▶ **Exercise goal**: Could you repeat every line below exactly, skipping the images?

▶ **Data**:
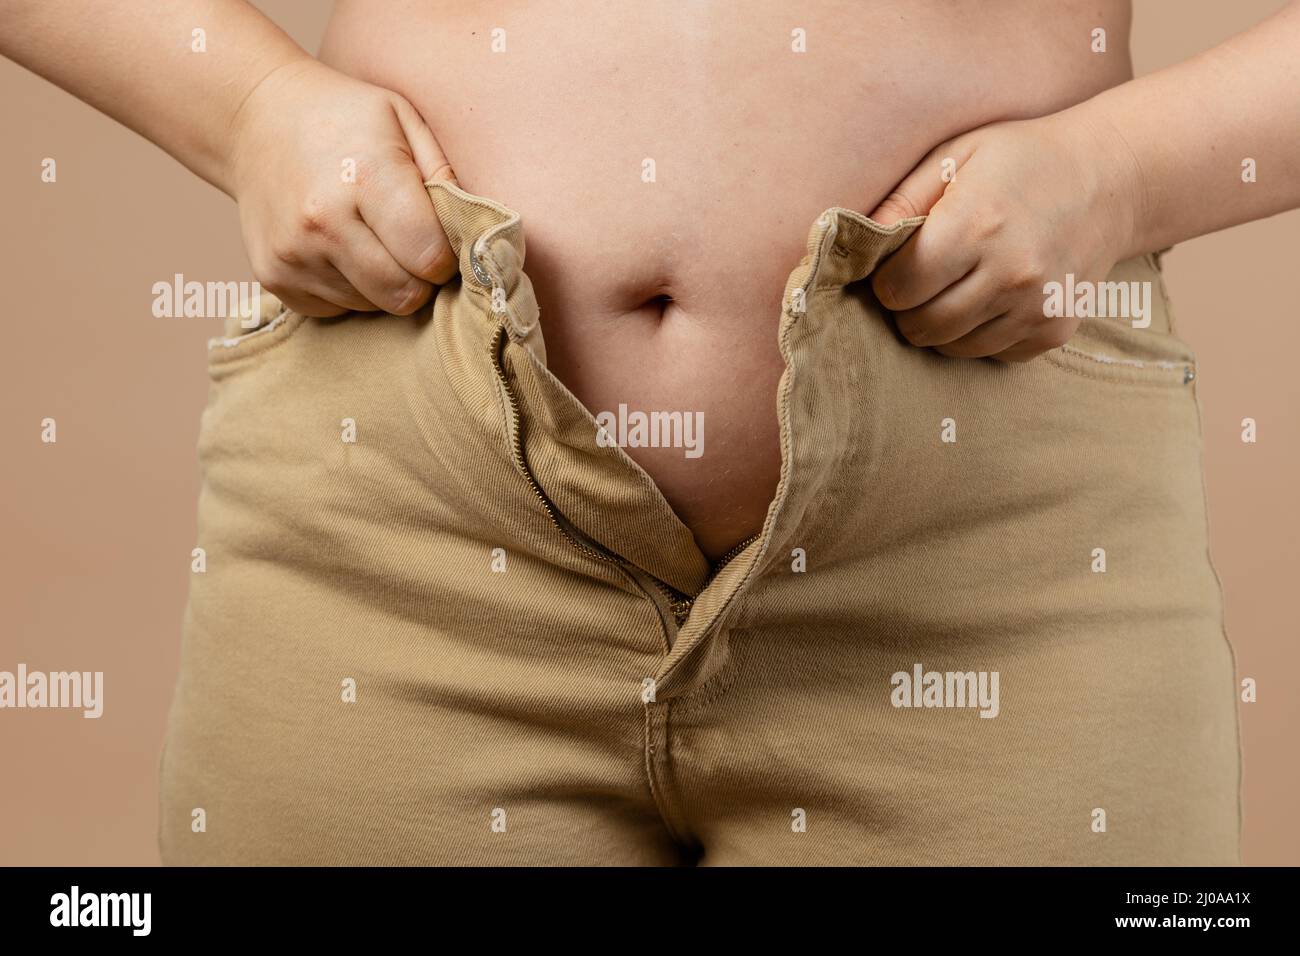 Female flabby big tummy preventing her from putting jeans on on beige background. Visceral fat. Body positive. Sudden weight gain. Tight little Stock Photo
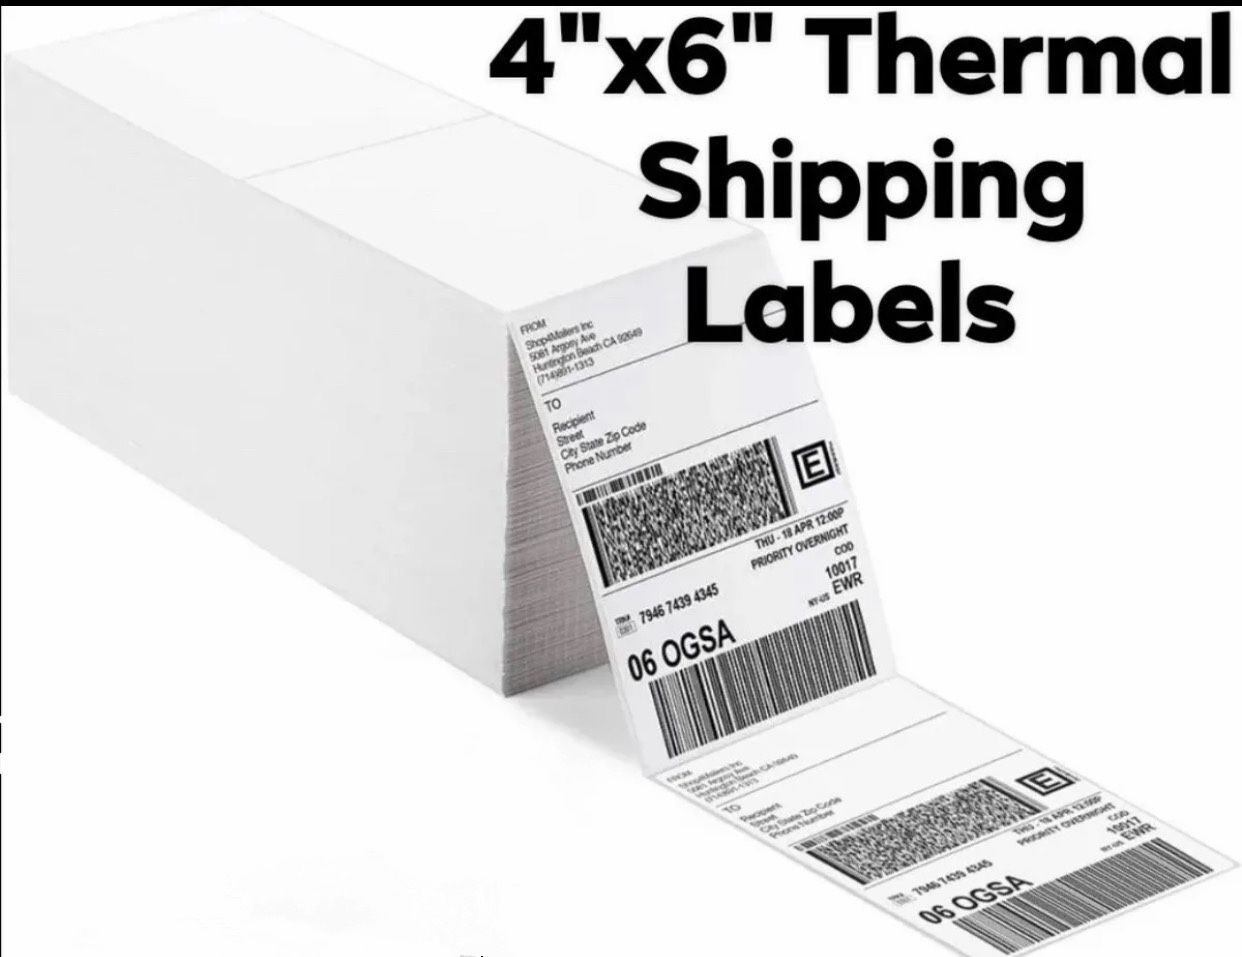 1000 4 x 6 Fanfold Direct Thermal Shipping Labels White Rollo Zebra Printers 
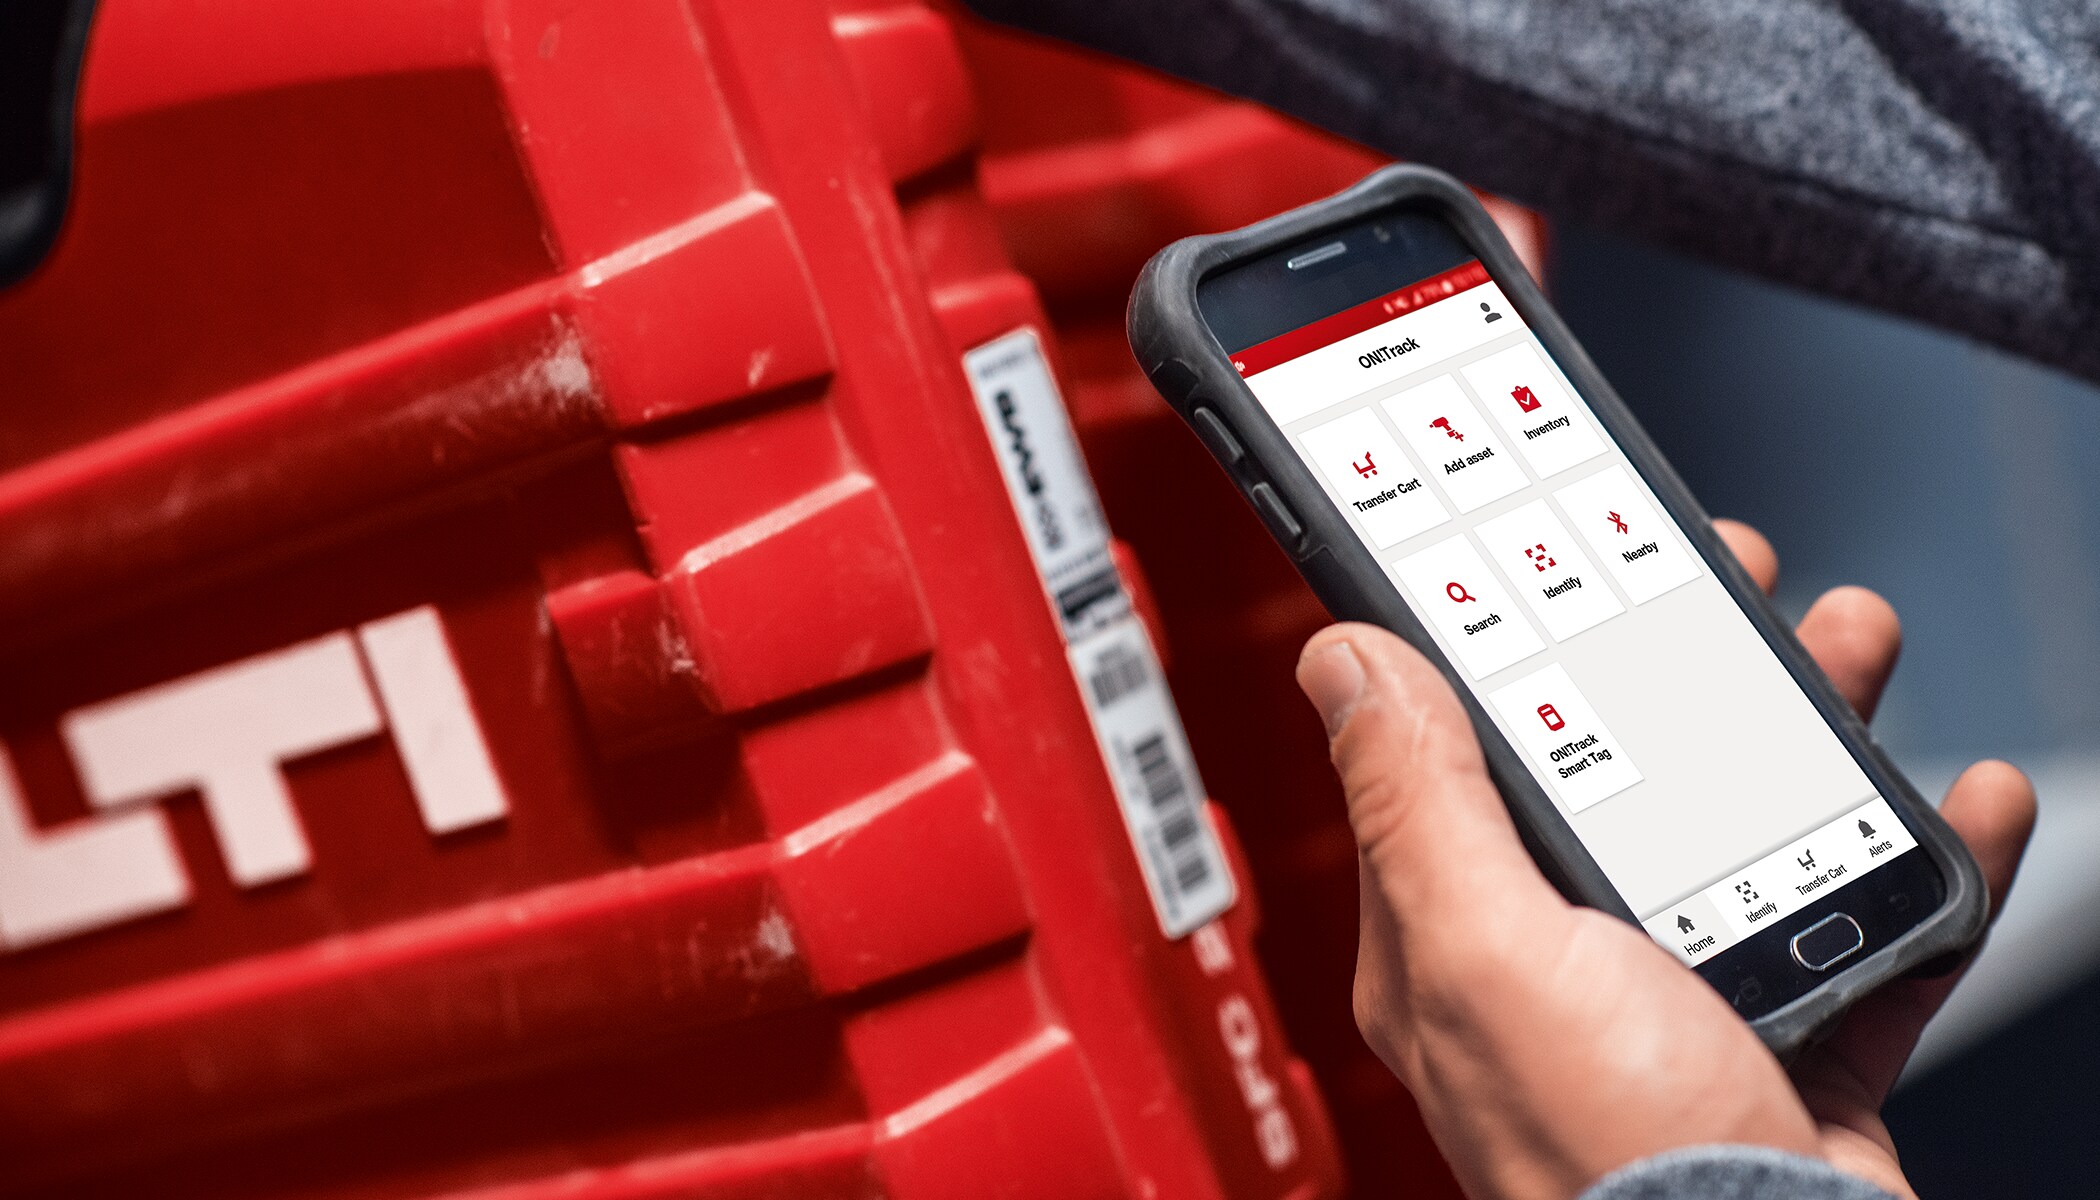 a man uses ON!Track on a mobile device to scan a hilti tool box

▶ **Response for this exercise**:
 Female flabby big tummy preventing her from putting jeans on on beige background. Visceral fat. Body positive. Sudden weight gain. Tight little Stock Photo
 1000 4 x 6 Fanfold Direct Thermal Shipping Labels White Rollo Zebra Printers 
 a man uses ON!Track on a mobile device to scan a hilti tool box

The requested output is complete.